Oklahoma City has been quite the NBA story the past few seasons.
The Thunder play in a quaint, small market that's absolutely crazy about the team. A frenzied college atmosphere drapes Chesapeake Energy Arena during games. The stands are packed with fans in uniform T-shirts.
It's the type of story that, sadly, tends to be romanticized in pro sports.
They're the feisty little guys holding their own against the big, bad Lakers and Mavericks. They're the thousands of fans who gather outside to watch playoff games on a huge video screen attached to the arena. They're the homegrown stars who were hand-picked and developed by the team, including three-time scoring champ Kevin Durant, who signed a five-year extension as LeBron James was taking his talents to South Beach.
Aww, isn't this market so adorable? Isn't this franchise so cute? Isn't this saga so sweet?
OKC was a fairy tale to Thunder fans, especially innocent youngsters who don't know better. Everyone else knows that fairy tales aren't true, especially in pro sports. The Thunder proved as much Saturday night by trading James Harden to the Houston Rockets.
As far as shockers go, OKC general manager Sam Presti maxed out by breaking up the core of a young team that won the Western Conference last season. Harden, the league's Sixth Man of the Year, is a fan favorite and one of the NBA's most-recognizable players, thanks to his distinctive beard. He's coming off a summer in which he won an Olympic gold medal along with teammates Durant and Russell Westbrook.
Thankfully, Presti took none of that into account. He didn't allow himself to become a sentimental sap. He didn't play along with the fantasy of keeping OKC's "Big Three" intact so they could slay NBA dragons and play happily ever after.
That's the folly of dreamers who don't have to face the cold reality of salary caps and luxury taxes. But Presti had to sign Harden to a contract extension by Oct. 31, trade him during the season, or allow him to become an unrestricted free agent in July. Not exactly an enchanting situation when the team and player disagree on remuneration.

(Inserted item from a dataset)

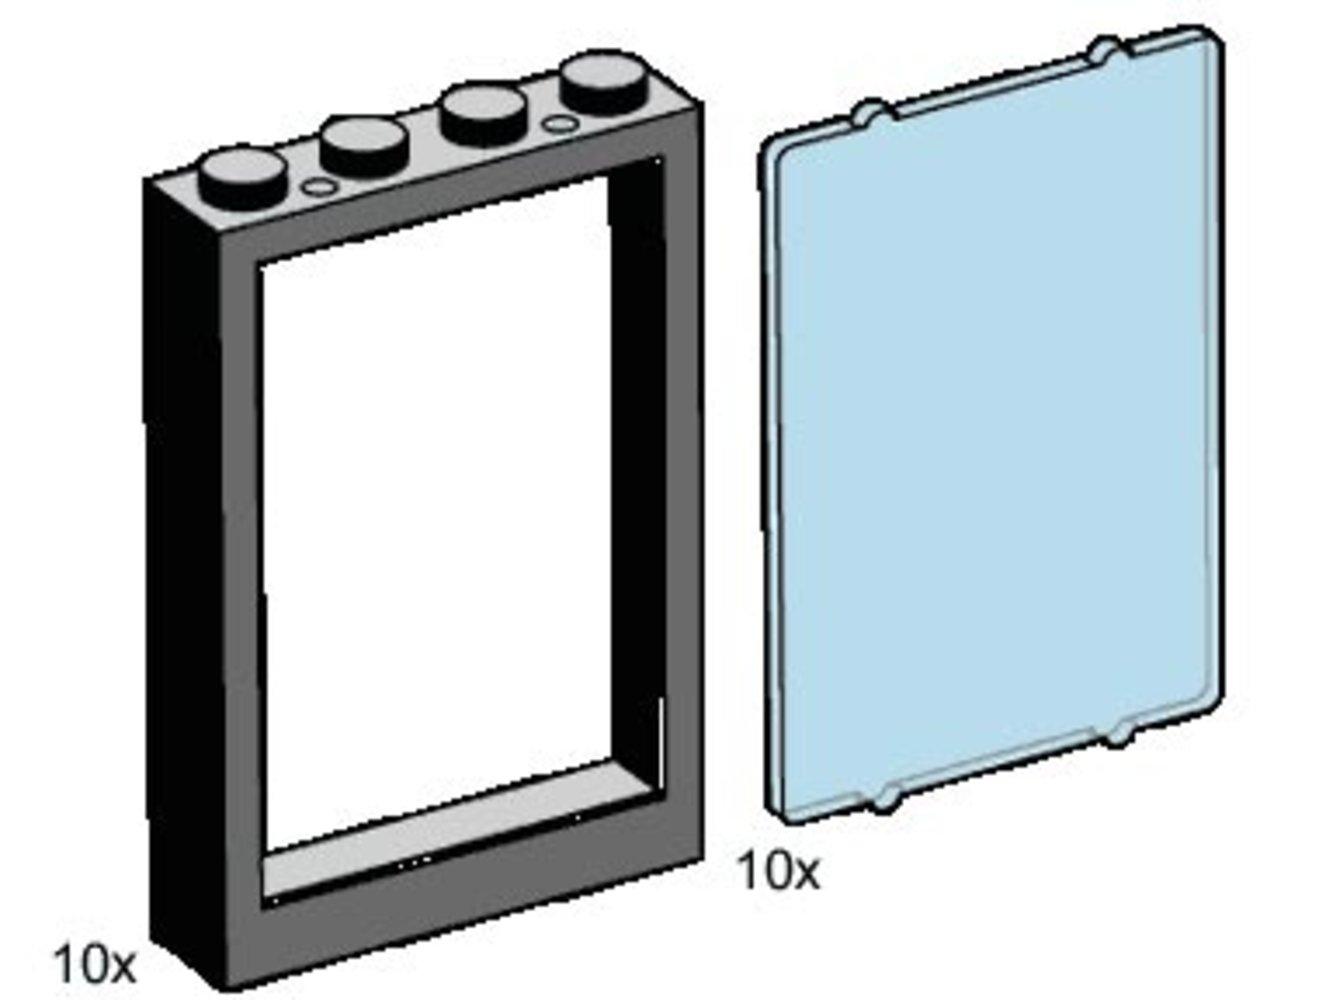 1 x 4 x 5 Black Window Frames, Transparent Blue Panes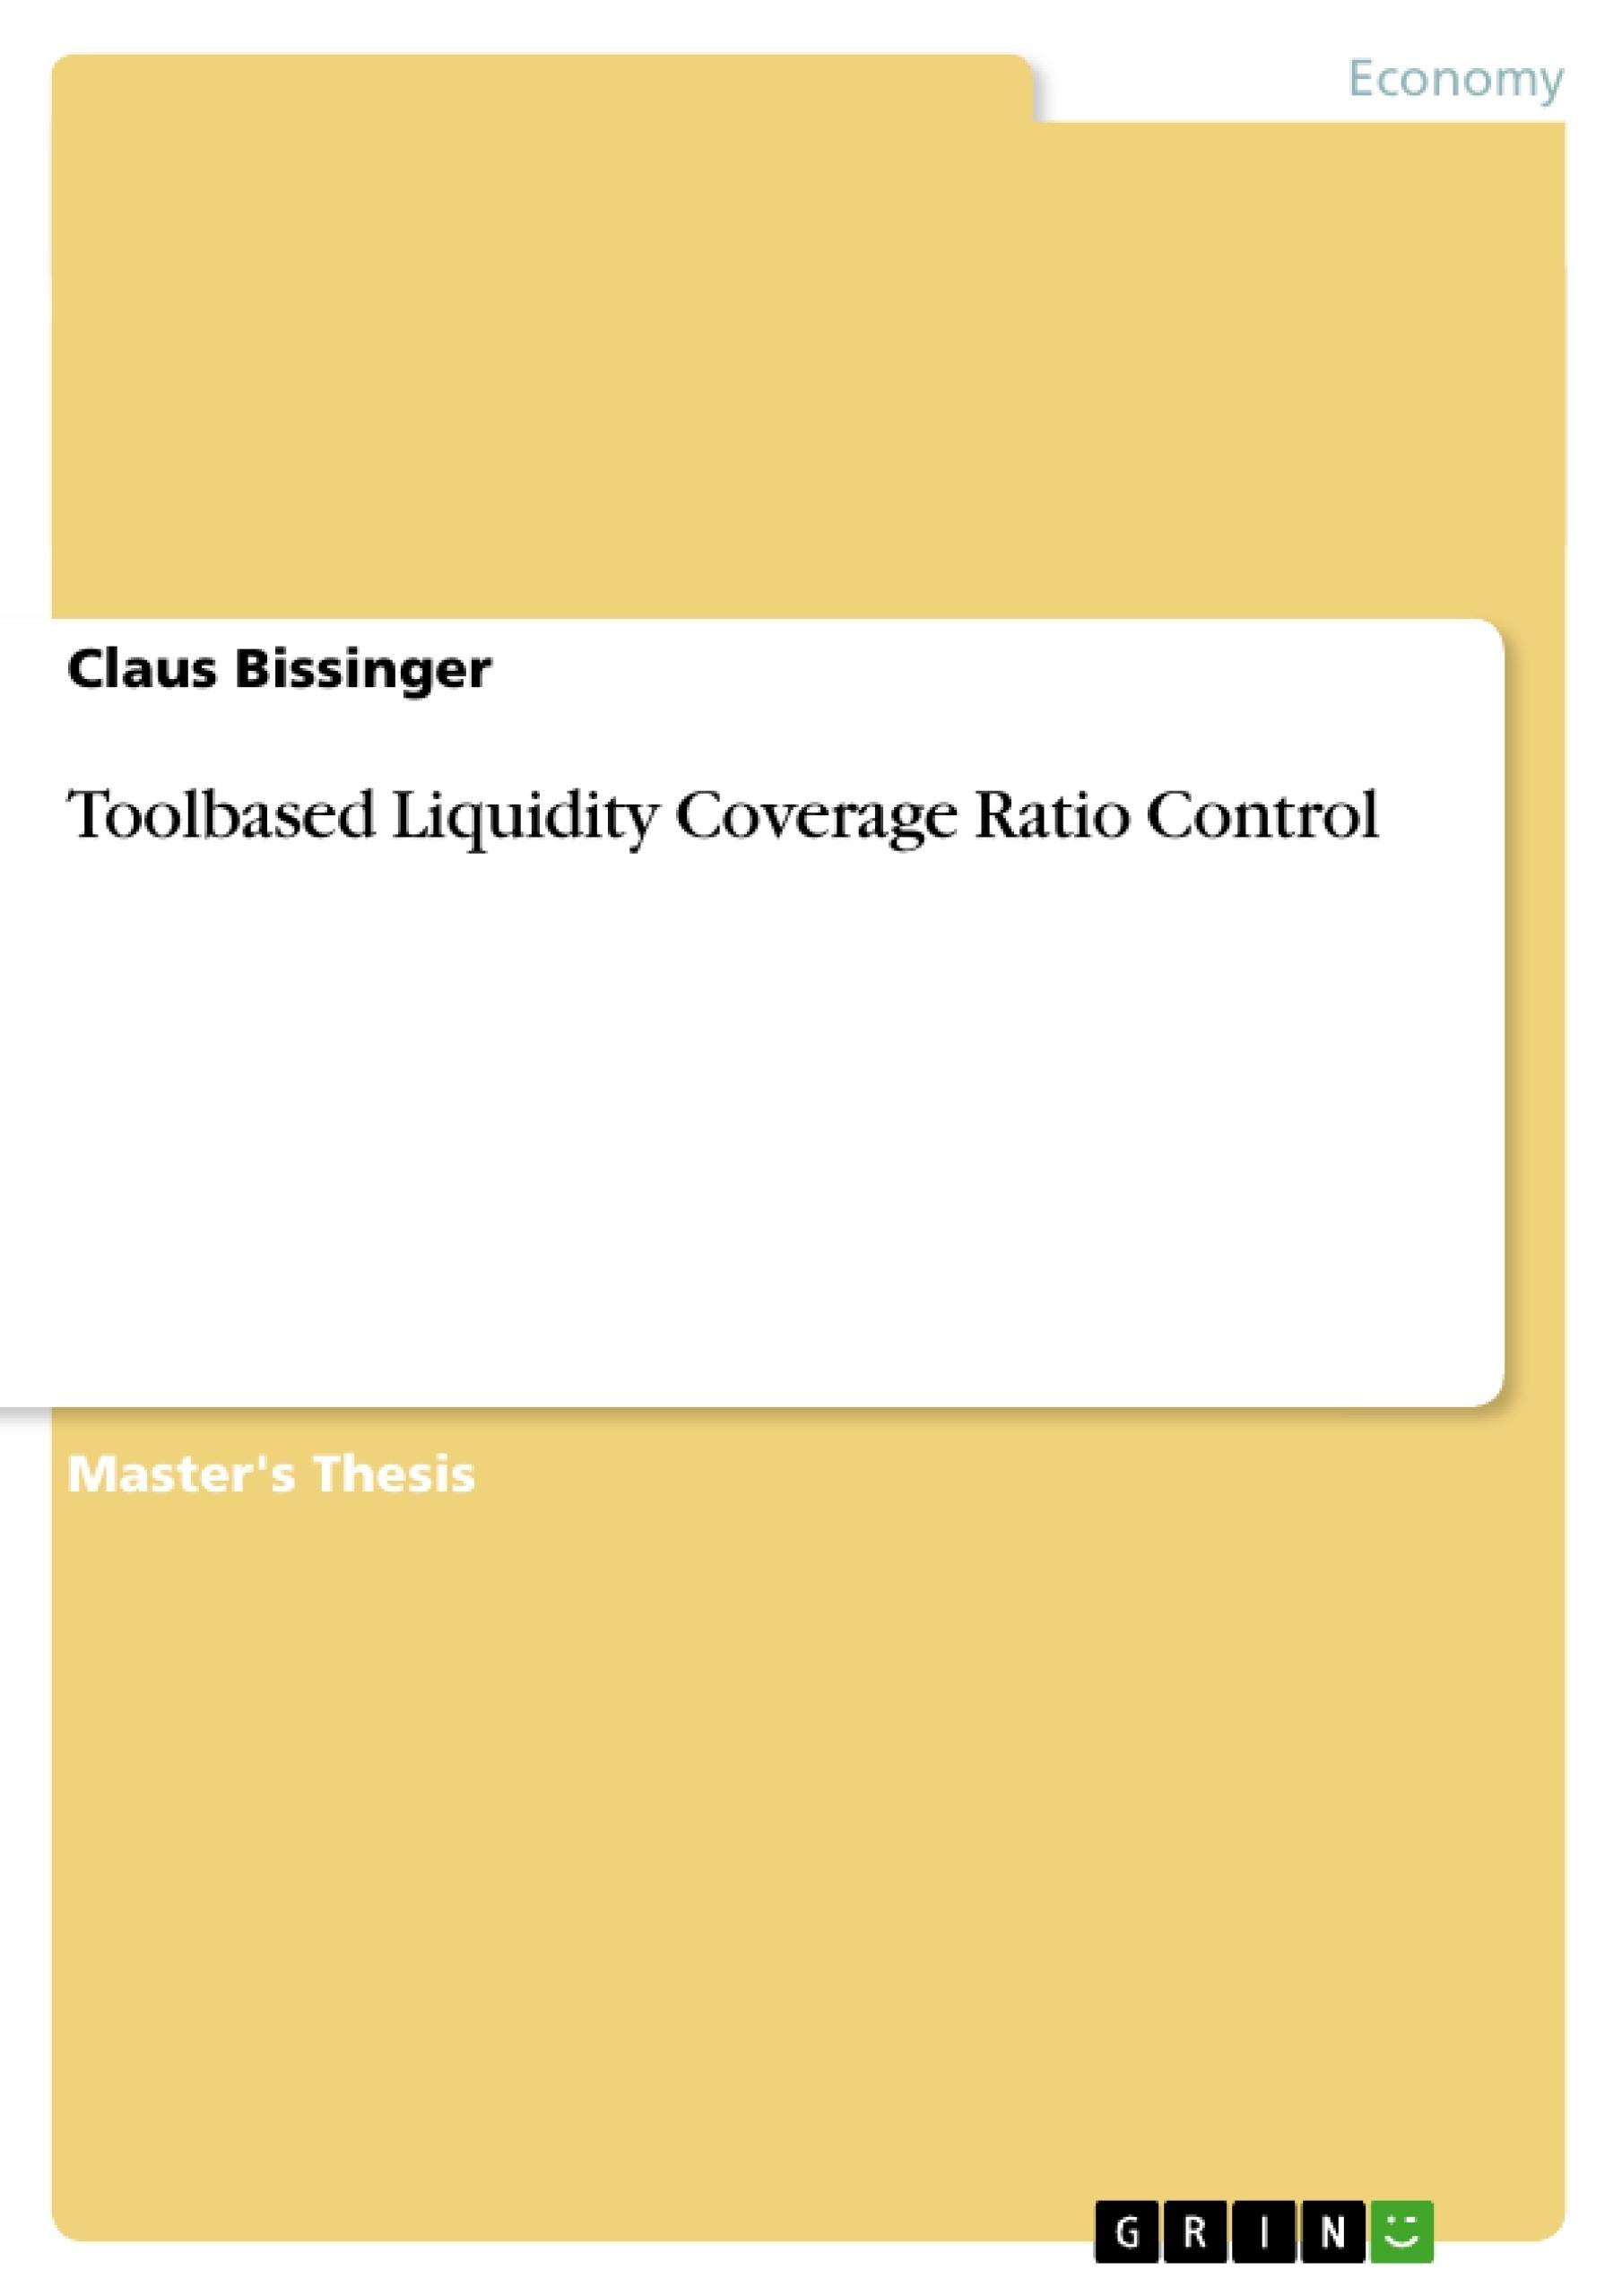 Title: Toolbased Liquidity Coverage Ratio Control

"We wanted to sign James to an extension, but at the end of the day, these situations have to work for all those involved," Presti said in a statement. "We were unable to reach a mutual agreement, and therefore executed a trade that capitalized on the opportunity to bring in a player of [Kevin Martin's] caliber, a young talent like Jeremy [Lamb] and draft picks, which will be important to our organizational goal of a sustainable team."
That's a clear, sober and rational explanation for a move that shook up the NBA just days before the season opens.
Yet Presti immediately faced cries of "How could you?!"
The Thunder were among the leading contenders to win the title. The comfort level among Harden, Durant and Westbrook figured to grow thanks to their London experience. Team chemistry seemed great, a close-knit collection of players who love playing together.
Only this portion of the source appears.